**Task directions**
When you copy the data that follows, reproduce every word exactly and leave out the images.
(Beginning of Input data)
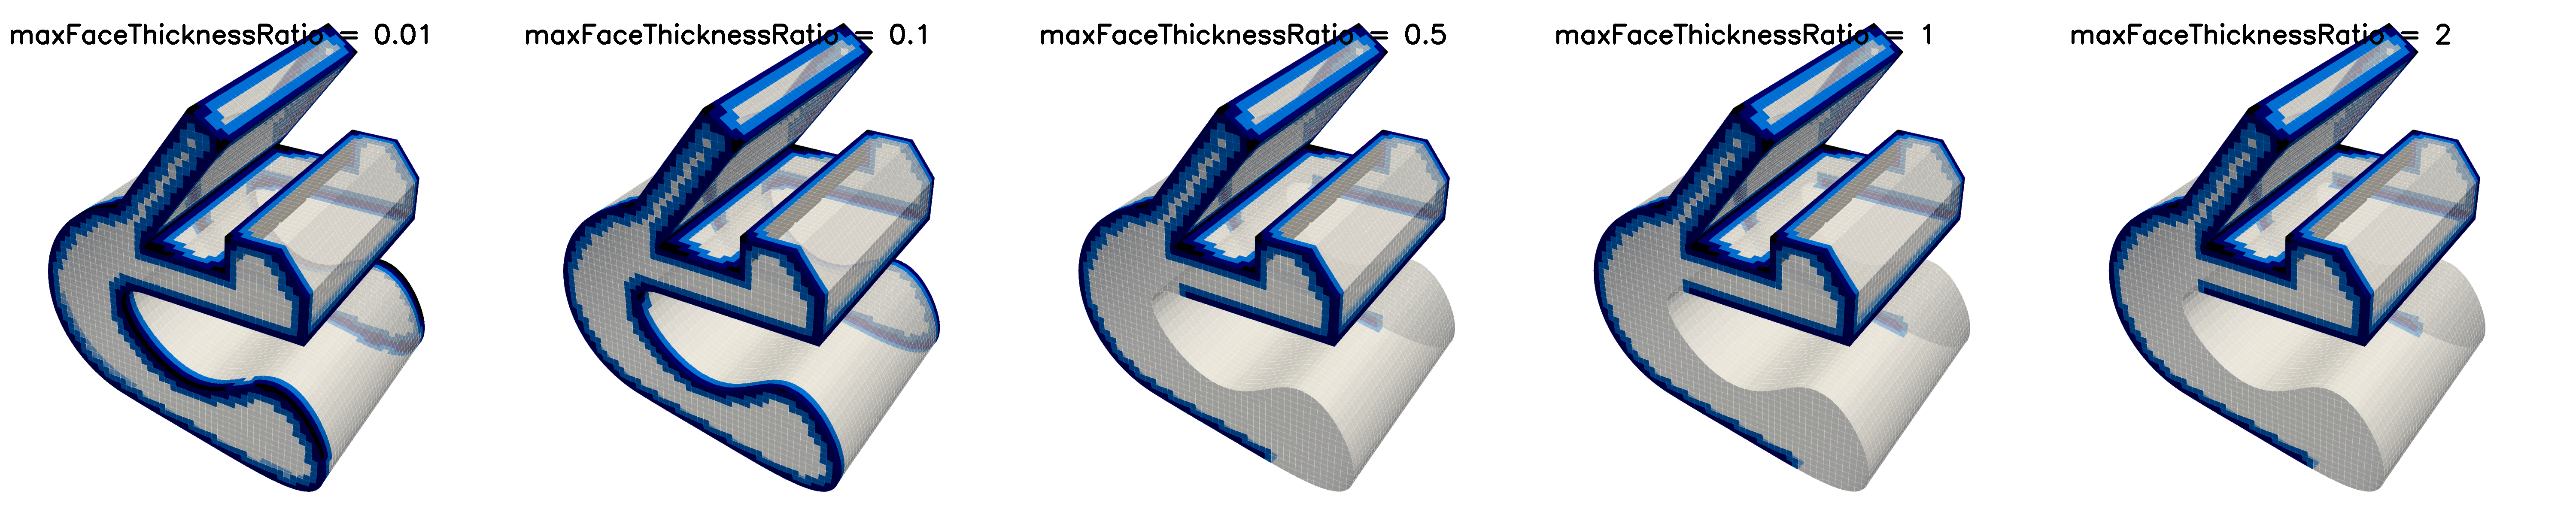 maxFaceThicknessRatioSurface
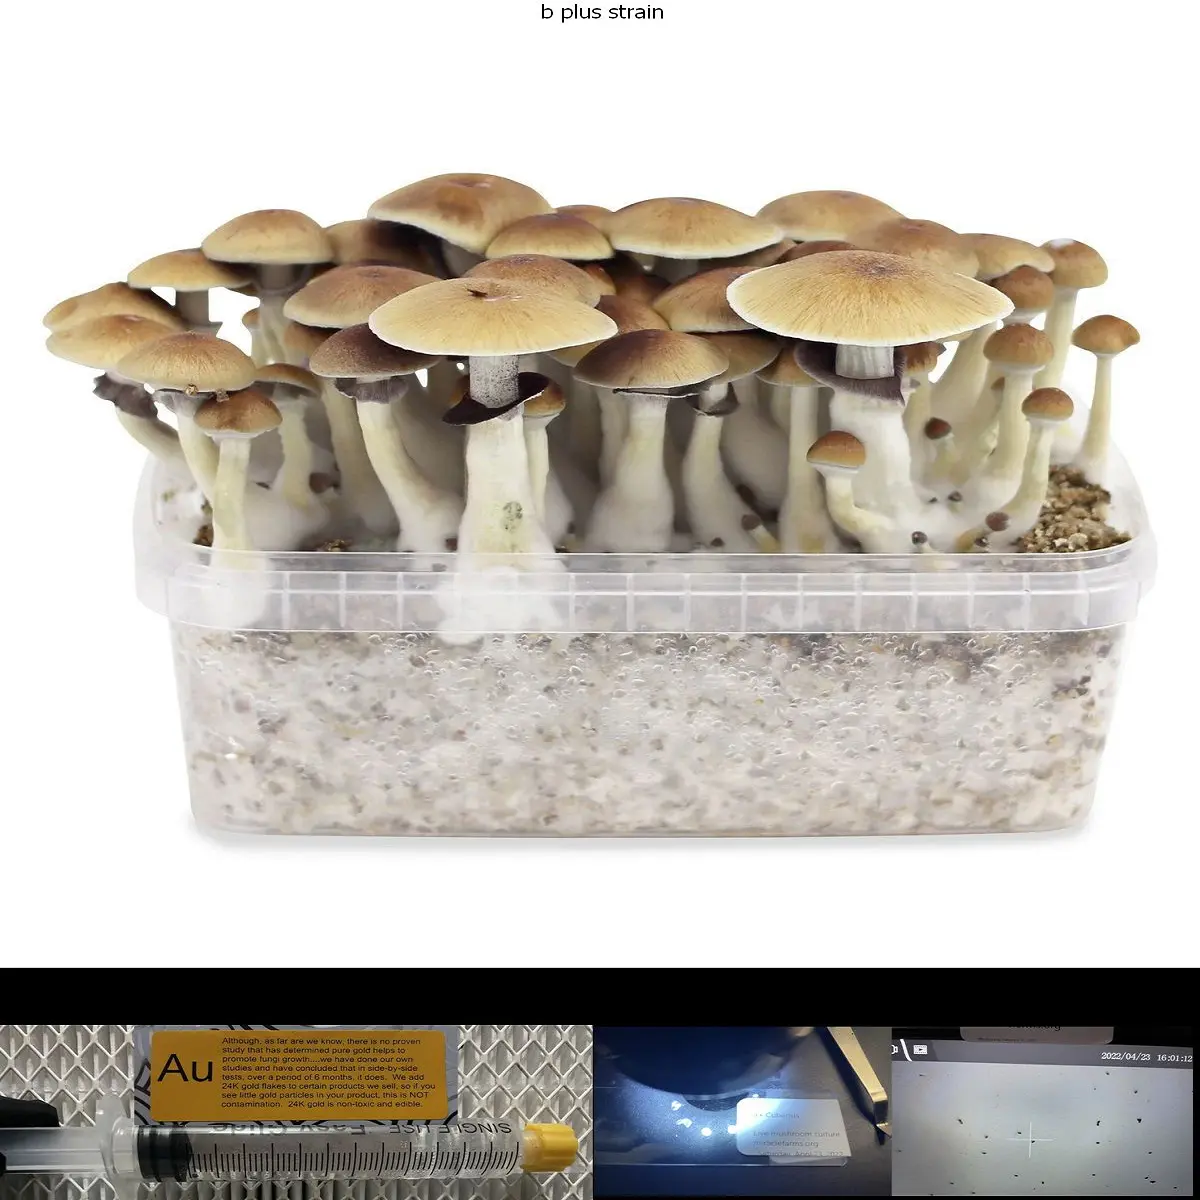 This is our Happy version of our gourmet mushroom site, MiracleFarms.org, and as our URL implies, we sell Golden Teacher mushroom spores, spore swabs, and spore prints along with over 100 other cubensis strains. We have been in business since 2005 and although we grow over 100 gourmet stains in our Florida-based lab/farm, we source all our psychedelic and cubensis spores from two well established distributors based in Amsterdam, Netherlands. We pride ourselves on always providing high-quality, contaminate-free spore syringes, spore swabs, and spore prints. All our products are produced in our clean room, in front of a laminar flow hood, and in full PPE. We use high-quality materials in all our products and every order is sealed in a discrete, tamperproof holographic mylar container (see products photos). Our spore syringes, swabs, and prints are no older than 60 days and are close to contaminate-free as we can make them. No compony can claim 100% contamination free, especially when dealing with spores, however with almost two decades of experience, we now come pretty close.
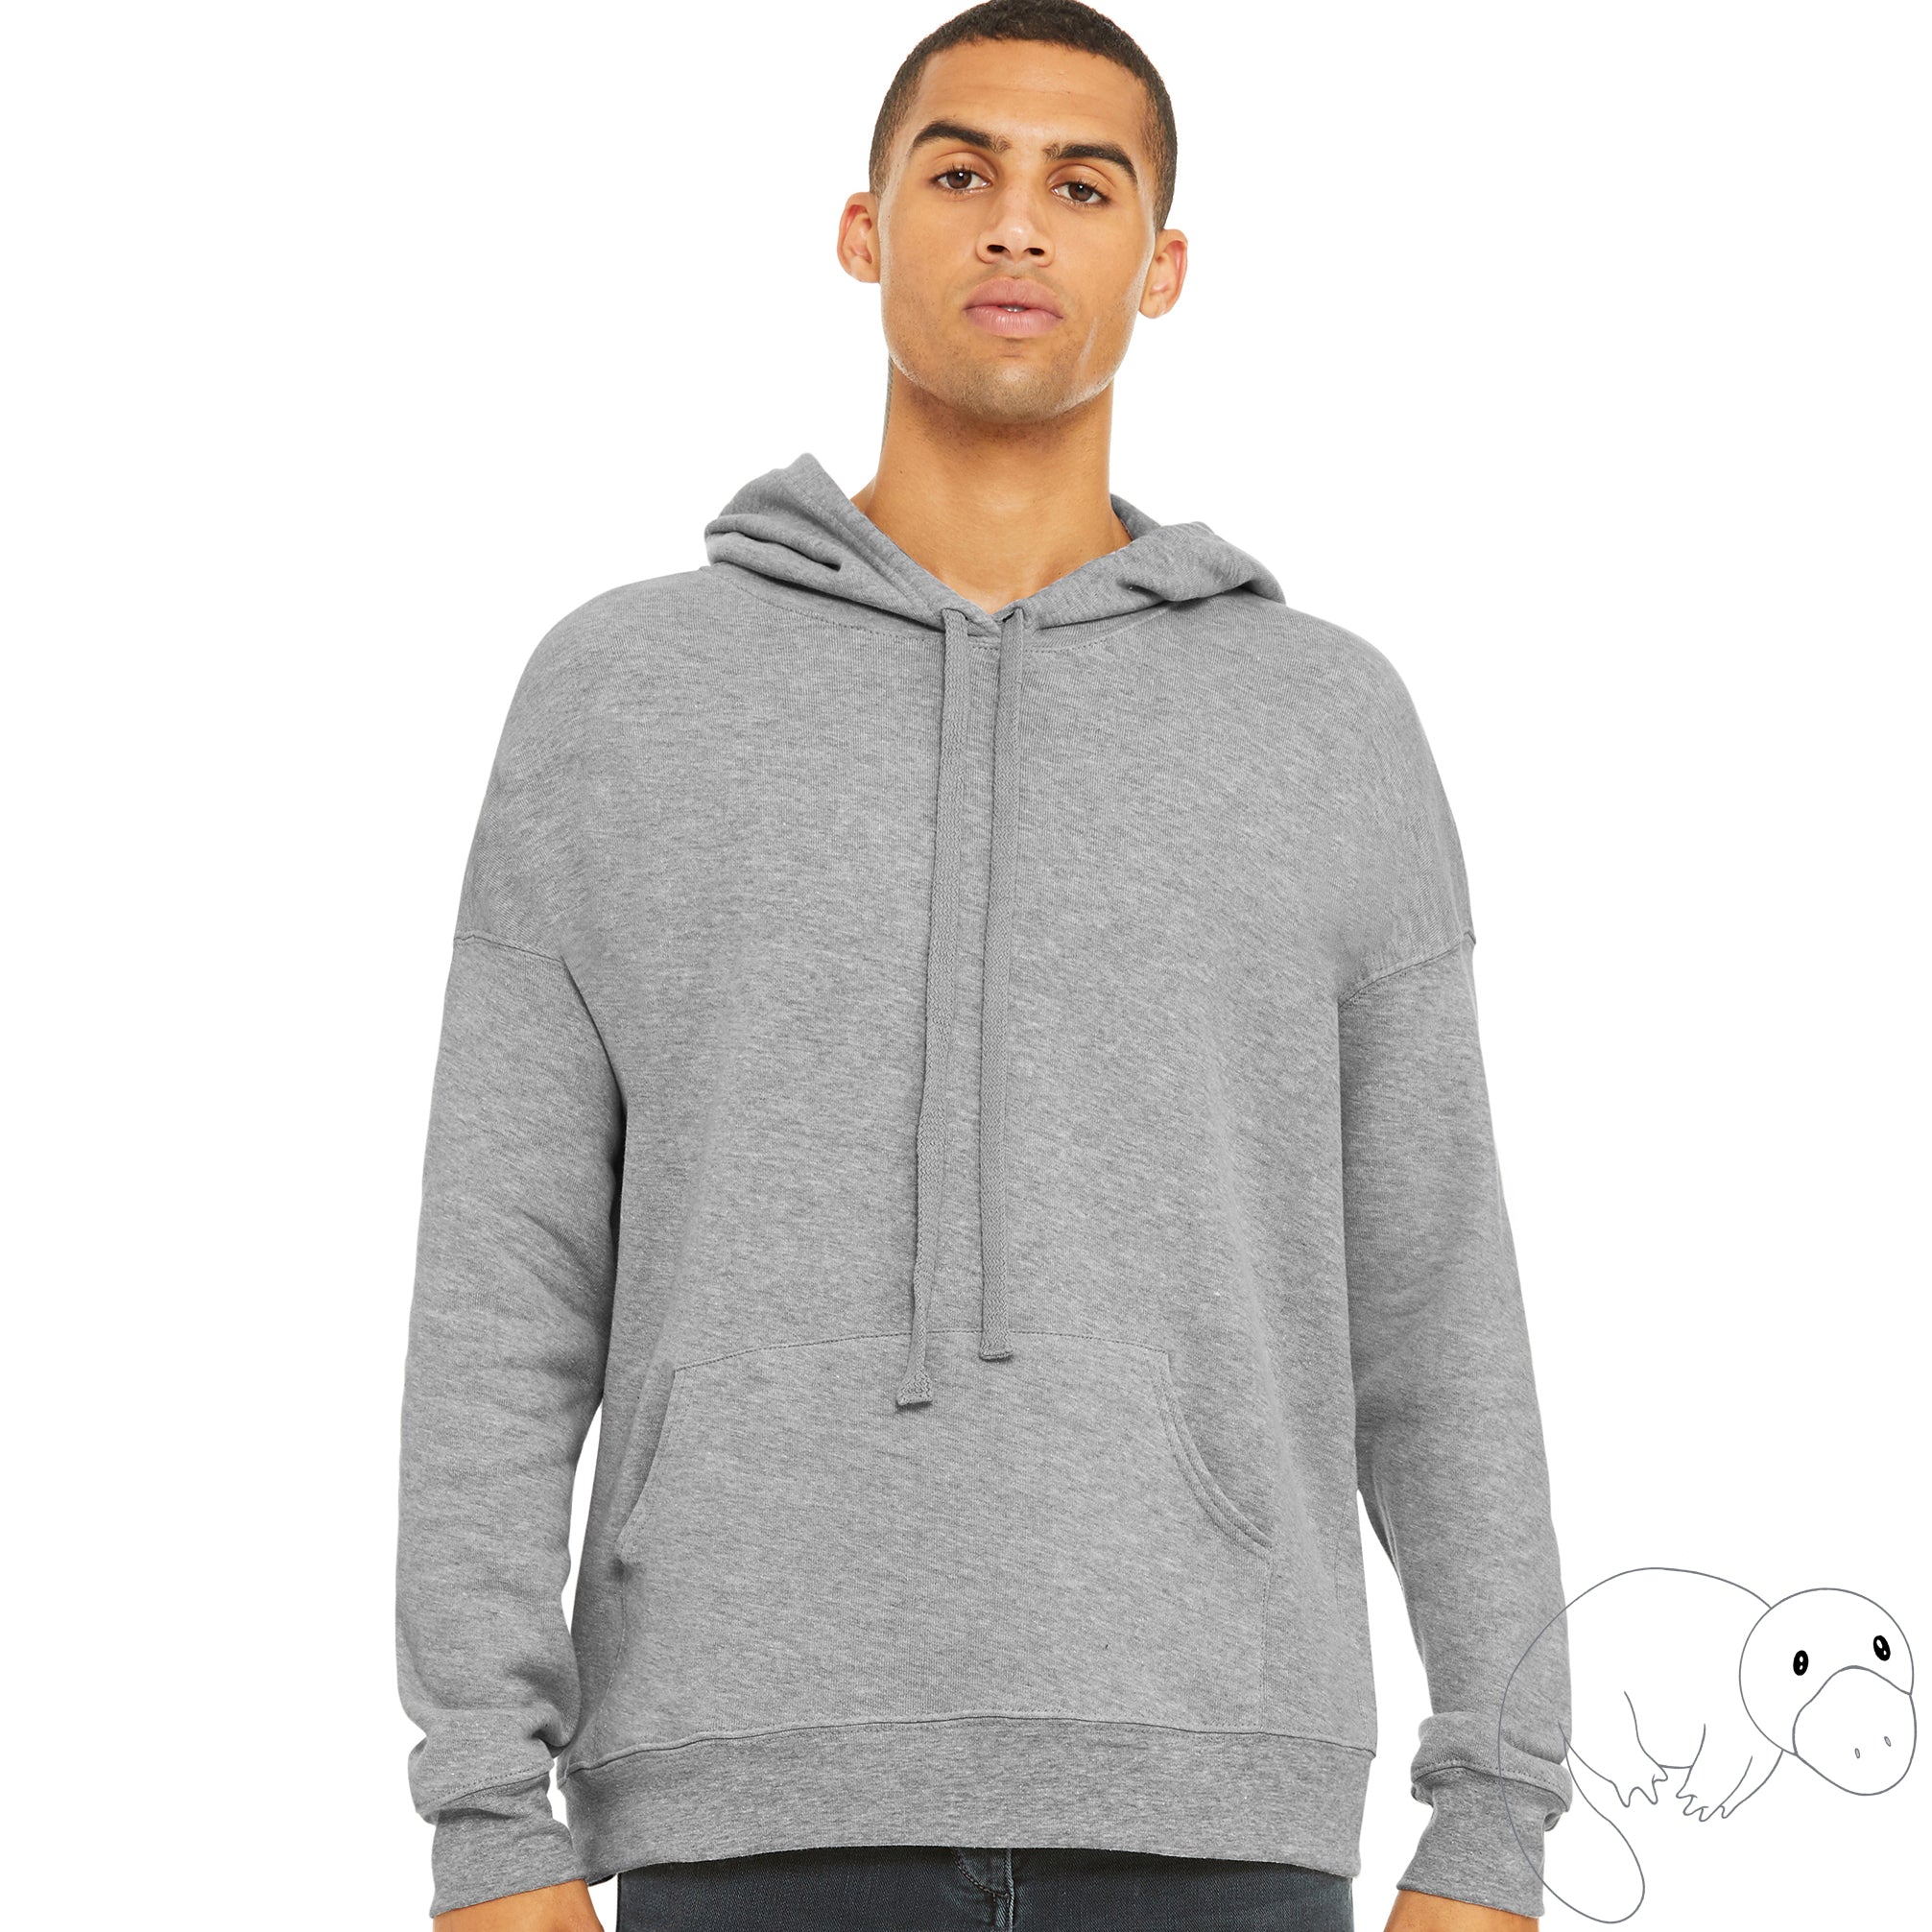 new-product-soft-sweatshirt-cozy-warm-light-grey-softest-hoodie-face-mask-Plats-Hoodie-facemask-all-in-one-convertible-plats-hoodie-platinum-platypus-guy-millennial-boy-man-beautiful-eyes-blue-green-young-cute
(End of Input data)
**Solution**
 maxFaceThicknessRatioSurface
 This is our Happy version of our gourmet mushroom site, MiracleFarms.org, and as our URL implies, we sell Golden Teacher mushroom spores, spore swabs, and spore prints along with over 100 other cubensis strains. We have been in business since 2005 and although we grow over 100 gourmet stains in our Florida-based lab/farm, we source all our psychedelic and cubensis spores from two well established distributors based in Amsterdam, Netherlands. We pride ourselves on always providing high-quality, contaminate-free spore syringes, spore swabs, and spore prints. All our products are produced in our clean room, in front of a laminar flow hood, and in full PPE. We use high-quality materials in all our products and every order is sealed in a discrete, tamperproof holographic mylar container (see products photos). Our spore syringes, swabs, and prints are no older than 60 days and are close to contaminate-free as we can make them. No compony can claim 100% contamination free, especially when dealing with spores, however with almost two decades of experience, we now come pretty close.
 new-product-soft-sweatshirt-cozy-warm-light-grey-softest-hoodie-face-mask-Plats-Hoodie-facemask-all-in-one-convertible-plats-hoodie-platinum-platypus-guy-millennial-boy-man-beautiful-eyes-blue-green-young-cute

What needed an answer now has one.